I love slow cooking. Nothing beats a meat stew cooked slowly in a cast iron pot and in winter I have no problem, I use the solid fuel stove I have in the front room, it's saves a fortune on leccy as well! The stove is cold now for the summer so I decided to spend some of the Burial Fund on a slow cooker. As many of you know, I'm a big fan of shopping at local shops and so I went and had a furtle and found just what I wanted in Town Square. Just for curiosity I looked for the same cooker online and found that it was cheaper in Barlick because there was no postage to pay. By the way, I'm delighted with it and it uses less juice than my electric stove. This got me to thinking about shopping in days gone by.
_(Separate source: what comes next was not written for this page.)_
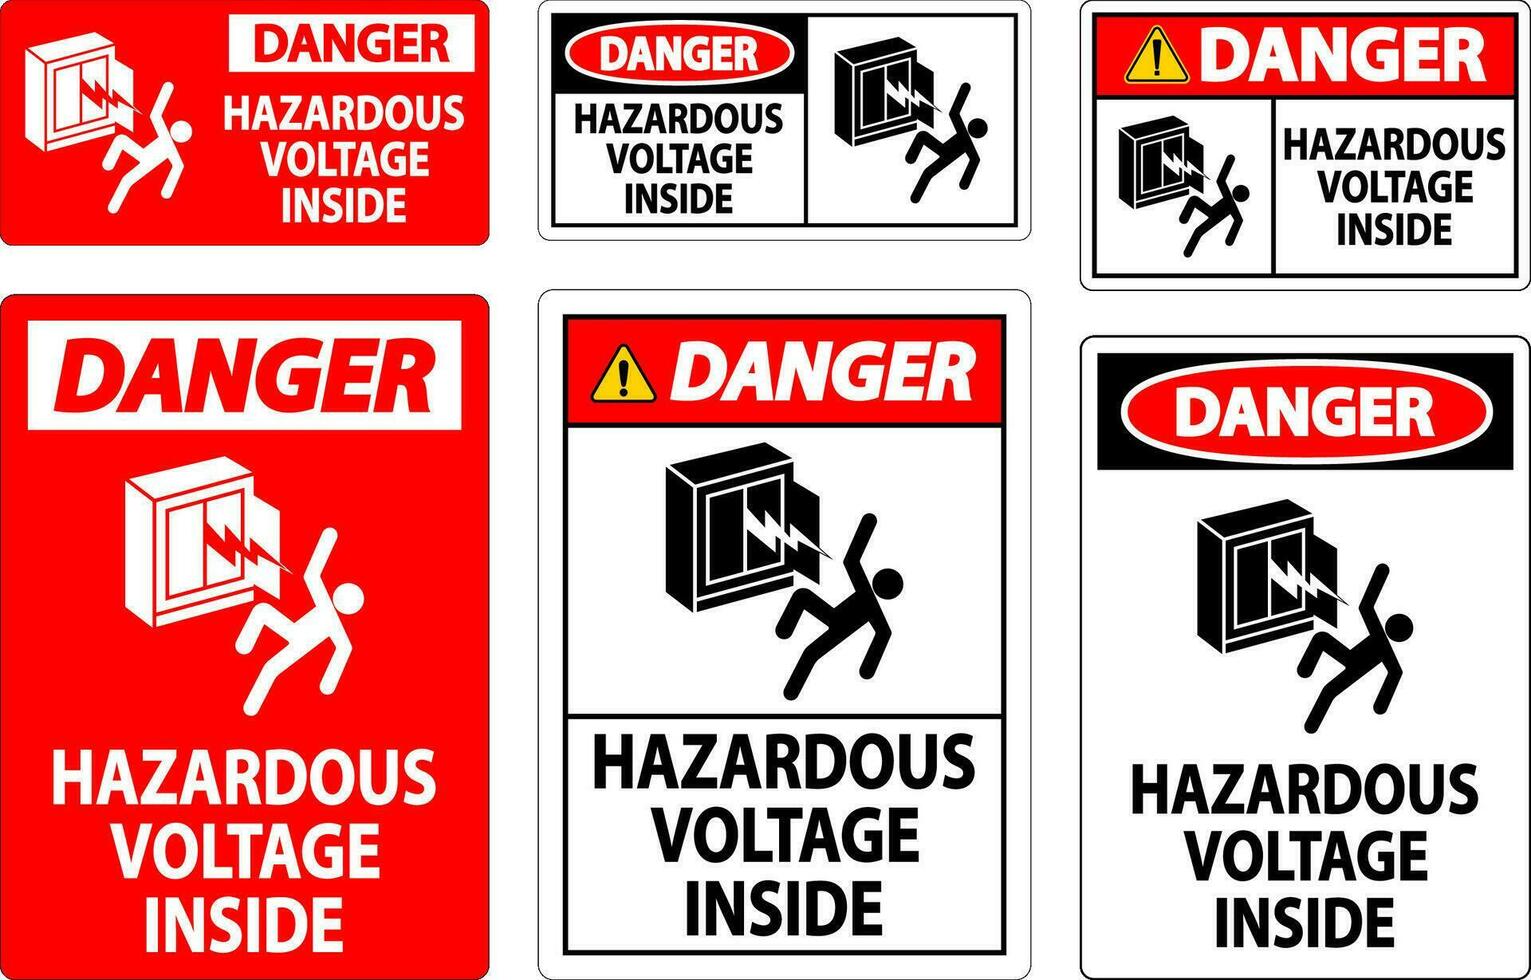 Danger Sign Hazardous Voltage Inside vector

We've had a good range of retail shops in Barlick as far back as the 18th century but one of the things I realised when I was doing the interviews for the Lancashire Textile Project was that whilst they may have been perfectly adequate for the run of the mill shopping for plain foods, some of the better off people in the town had a different solution. They would order their groceries in bulk from places like Skipton and the local carrier, who made the trip there two or three times a week, brought the order and delivered it. This was I suppose, the older version of online shopping or the more common 'out of town' shopping at a large supermarket.
You might wonder what a picture of Manchester Road before road widening has to do with this week's subject. The white haired man in the foreground is 'Gara' Pickles. Like his father he was named Garibaldi and for many years the family earned their living as common carriers. Two or three times a week they went to Skipton carrying goods from the town and returning with anything that had to come here. This was of course all horse-drawn. People like Emma Clark who lived on Manchester Road would send a bulk order to one of the larger shops in Skipton and Gara would collect it and deliver to the house for a small fee. In the days before we had mains water Gara's father used to fill in by delivering water which he got from the spring at Wood End. Many people preferred it to the water from the town wells and enjoyed the convenience of it being brought to the door. I suppose this is a parallel to the people today who buy bottled water and in many cases spend more on that than milk!
What fascinates me about this is that over the years of change, many things stay the same. Even though we have a far better range of goods in the shops in Barlick and mains water, some people still cling, without realising it, to the old ways.
Manchester Road in 1965 before widening in Summer 1972.